--- WHAT TO DO ---
Nothing but the pictures is dropped; write out all the remaining data below exactly.
** Opening EXERCISE DATA block **
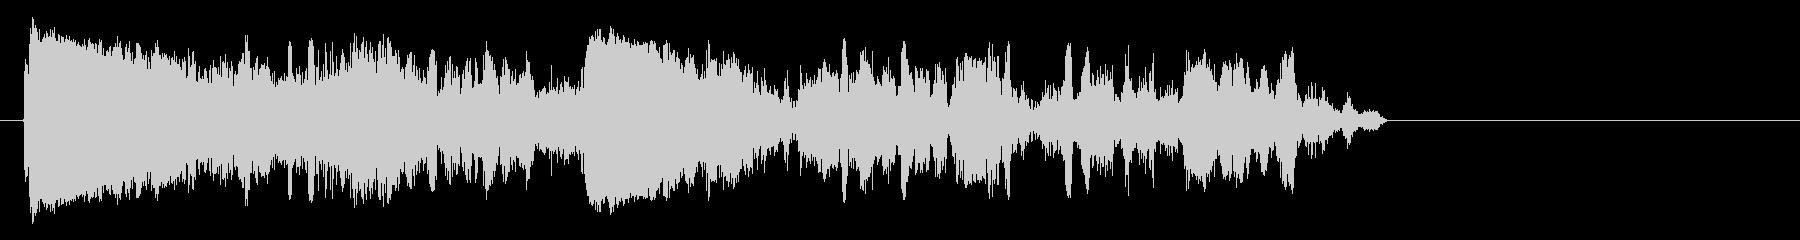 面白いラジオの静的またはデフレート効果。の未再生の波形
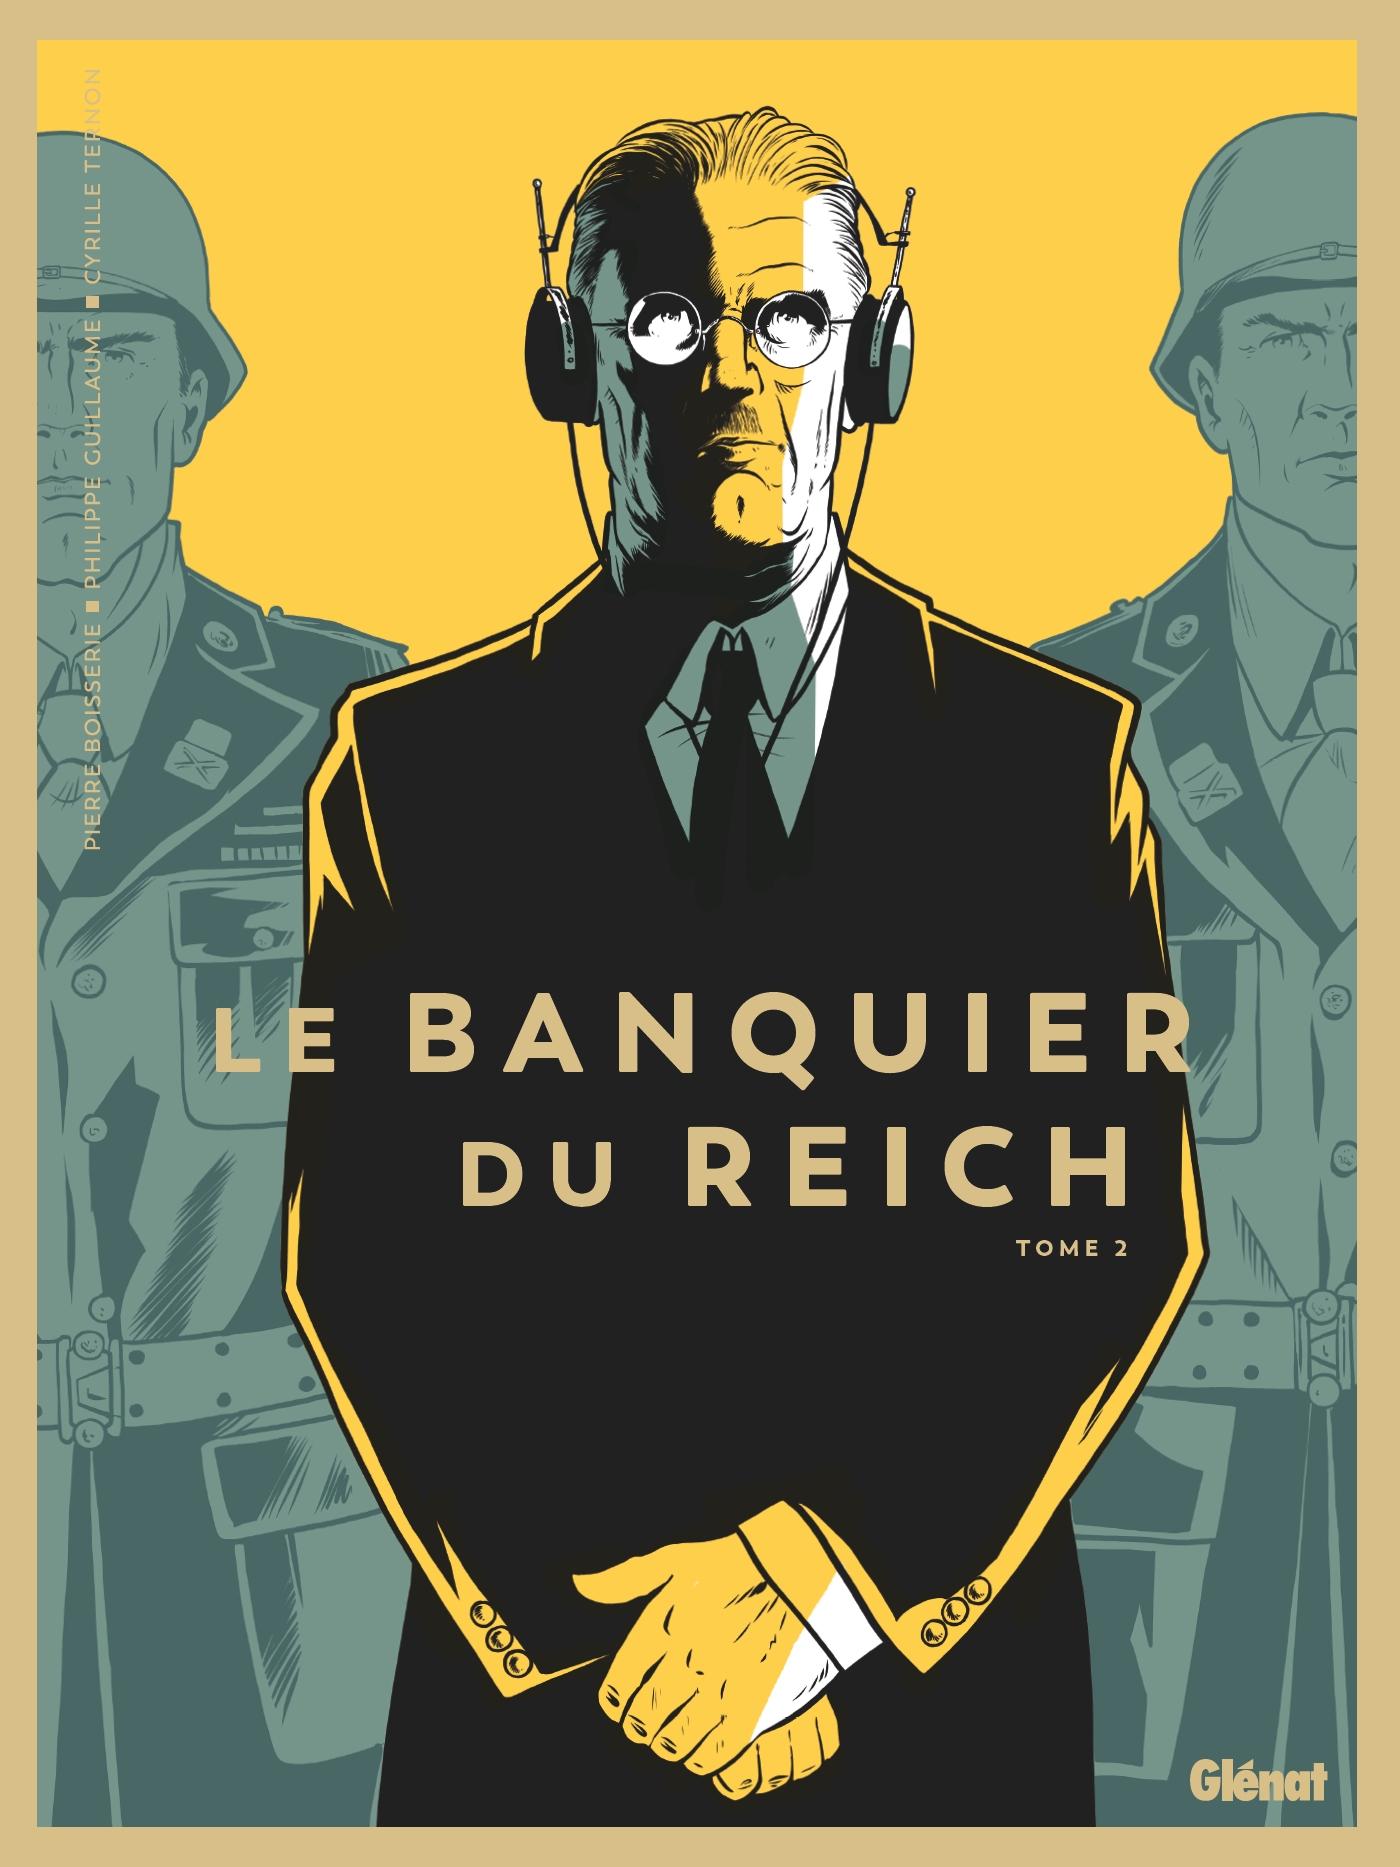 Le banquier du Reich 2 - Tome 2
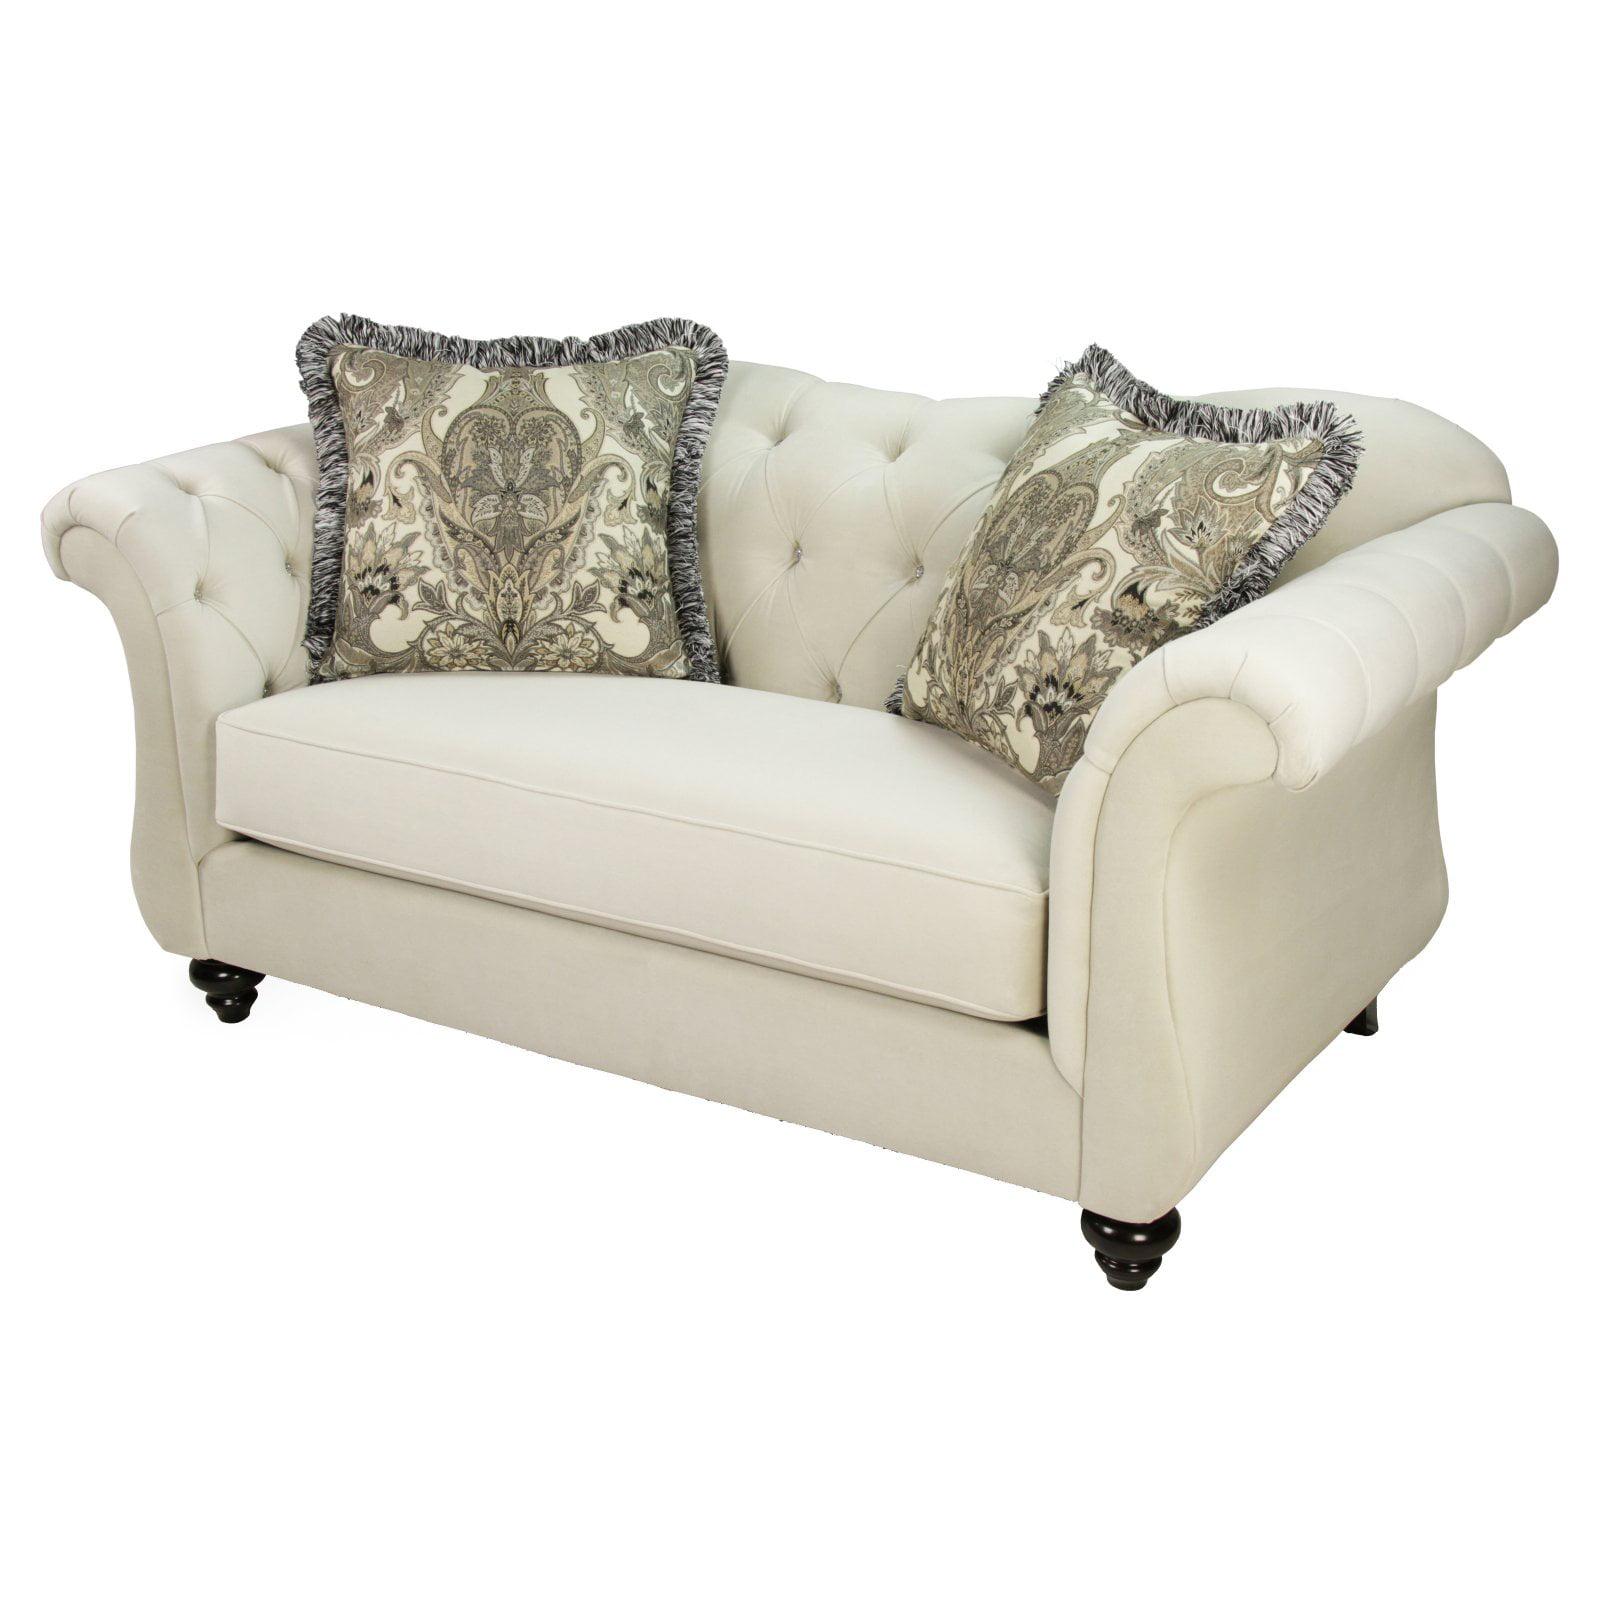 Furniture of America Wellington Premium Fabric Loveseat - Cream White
** Closing EXERCISE DATA block **
--- RESPONSE FOR THIS EXERCISE ---
 面白いラジオの静的またはデフレート効果。の未再生の波形
 Le banquier du Reich 2 - Tome 2
 Furniture of America Wellington Premium Fabric Loveseat - Cream White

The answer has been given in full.